Я снова видел, как рушатся домики с глиняными стенами, крытые соломой, как ломается кирпичная кладка цехов, большевистских «домов культуры», зернохранилищ.
Насколько русских вообще можно считать мирным, безоружным населением? Имеет ли всё это значение? Роднит ли меня с Бонапартом? Позволяет ли войти в этот город, в эту реальность — апрельского Парижа сорок третьего года — или же продолжает втаптывать меня, как в грязь, в какой-то новый, еще не написанный учебник истории?
…«Но, герр Шнубе, для чего нам вообще учить про всех этих давно померших французов?»
«Для того, что мы должны извлекать ценный опыт из уроков истории»…
Я вдруг вспомнил нашего гимназического учителя. Герр Шнубе. У него было какое-то увечье, не позволившее ему отправиться на фронт. Сухая рука, кажется. Как у кайзера. О каких «уроках истории» говорил герр Шнубе, о каком опыте? Как стрелять из орудий по толпе, как воевать зимой в России?
Я сидел под цветущим каштаном в Париже и на полном серьезе верил, что вовремя доставленные теплые сапоги и полушубки могли решить дело под Сталинградом.
Да, я всё еще думал о Сталинграде. На что бы я ни смотрел, с кем бы я ни говорил — я думал о Сталинграде. Об огромном городе на берегу огромной реки, над которым полыхали пожары. И о том, как постепенно этот титанический город сжимался вокруг нас, становясь всё меньше, всё туже, всё теснее, так что, в конце концов, мы, как дети из старой сказки, очутились в кармане у ведьмы. В том подвале, откуда русские вытащили нас и перегнали в лагерь.
Бонапарт глазел на меня с ажурной ограды сада, как охранник. Нечего пыжиться, корсиканец.

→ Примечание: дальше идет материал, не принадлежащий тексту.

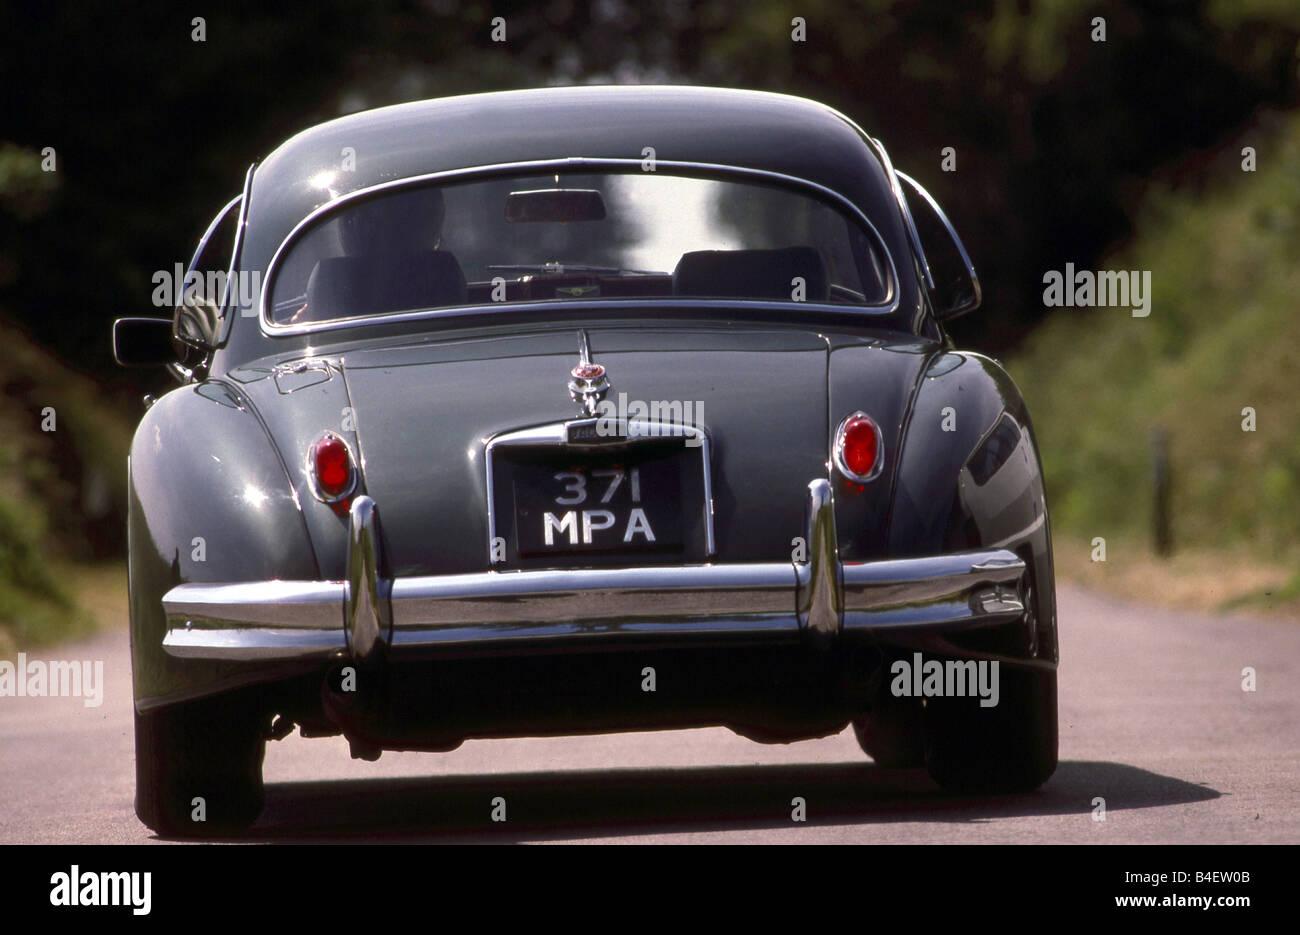 Jaguar XK 150 Coupé, model year 1957-1961, dark grey, standing, back view, road, country road - Stock Image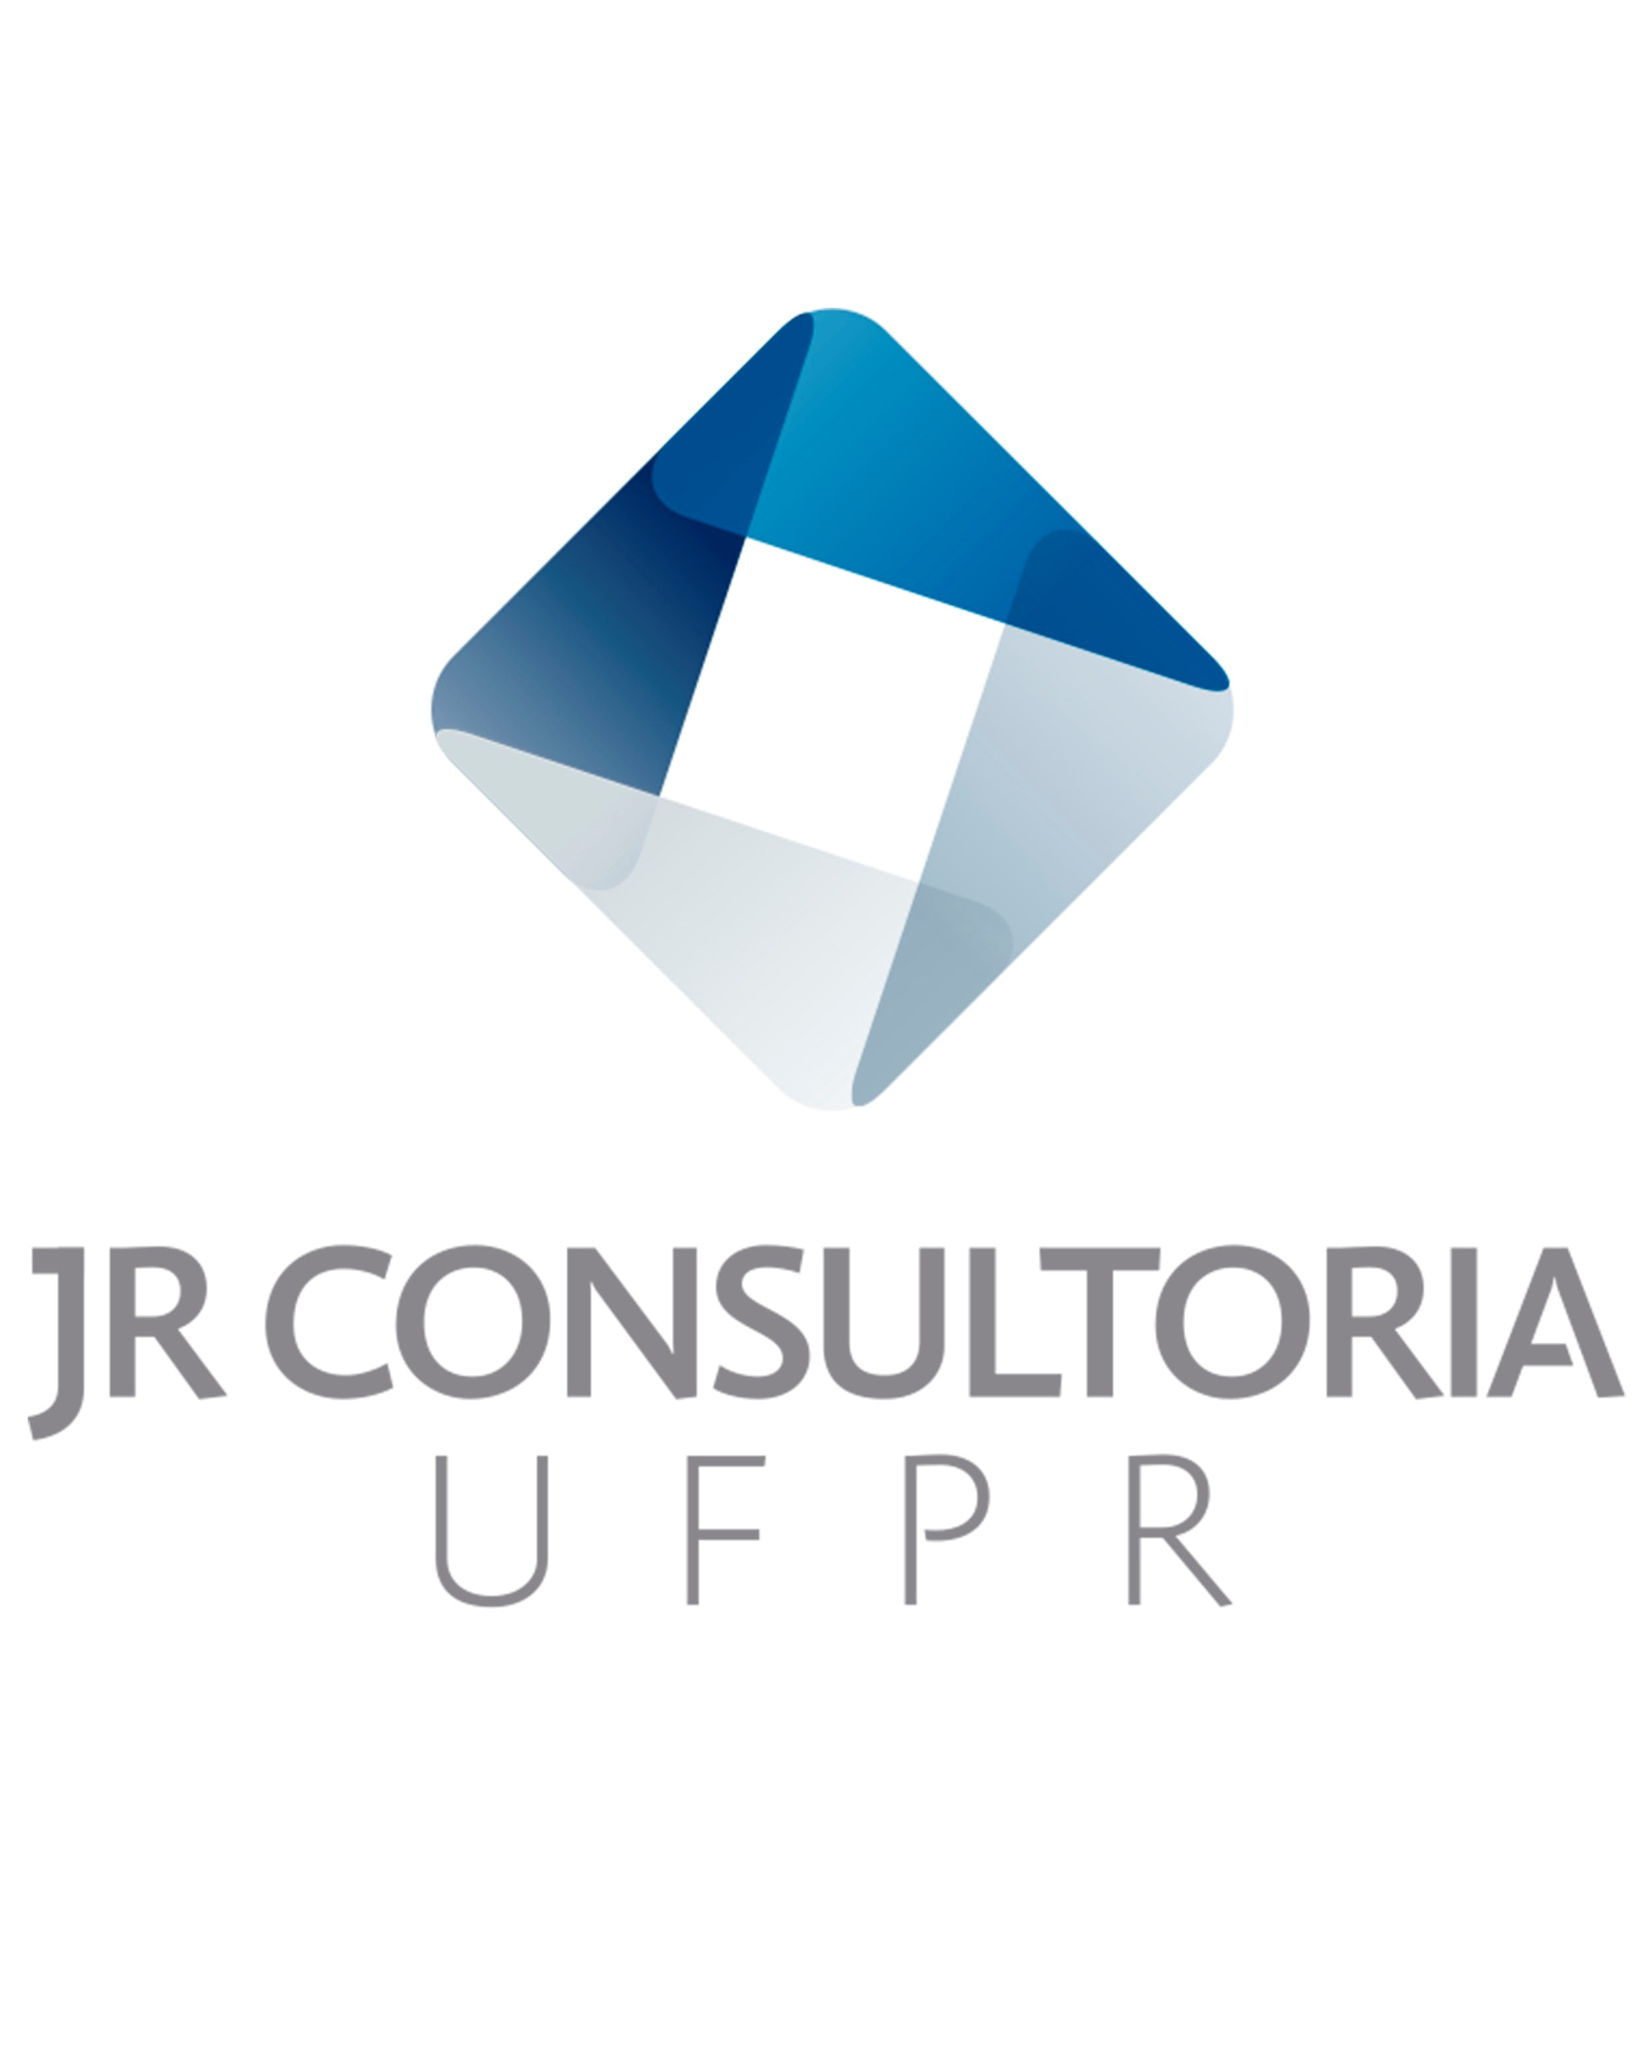 JR Consultoria UFPR.jpg

Тебя тоже побили в России.
Я собирался провести в Париже несколько дней, а затем перебраться в Ниццу — для полного восстановления сил. У меня двухмесячный отпуск. Если понадобится, я могу его продлить. Главное — мое здоровье. Опытный танковый офицер нужен Фатерлянду здоровым. Полным сил.
Дорогу из России я помнил плохо. Швеция осталась практически сплошным провалом. Госпиталь в Потсдаме запомнился лучше. Серые жесткие простыни сменились белыми. Крахмальная подушка кусала щеку.
Один раз меня навестил брат. Несмотря на свою занятость, канцлер явился в госпиталь. Он был с какими-то офицерами, которых оставил снаружи и вошел ко мне один.
Мои соседи по палате — их было трое, в том числе старик с язвой желудка, — уставились на Альберта.
Старик надул и втянул обвисшие небритые щеки и проговорил:
— Ну и ну…
После чего долго, противно кашлял.
Брат в накинутом на плечи летучем белом халате взял стул и уселся рядом с моей койкой. Пожал мою руку, наклонился, поцеловал в щеку. Рука у меня, как дохлая рыба — вялая, влажная, холодная. На месте брата мне было бы противно.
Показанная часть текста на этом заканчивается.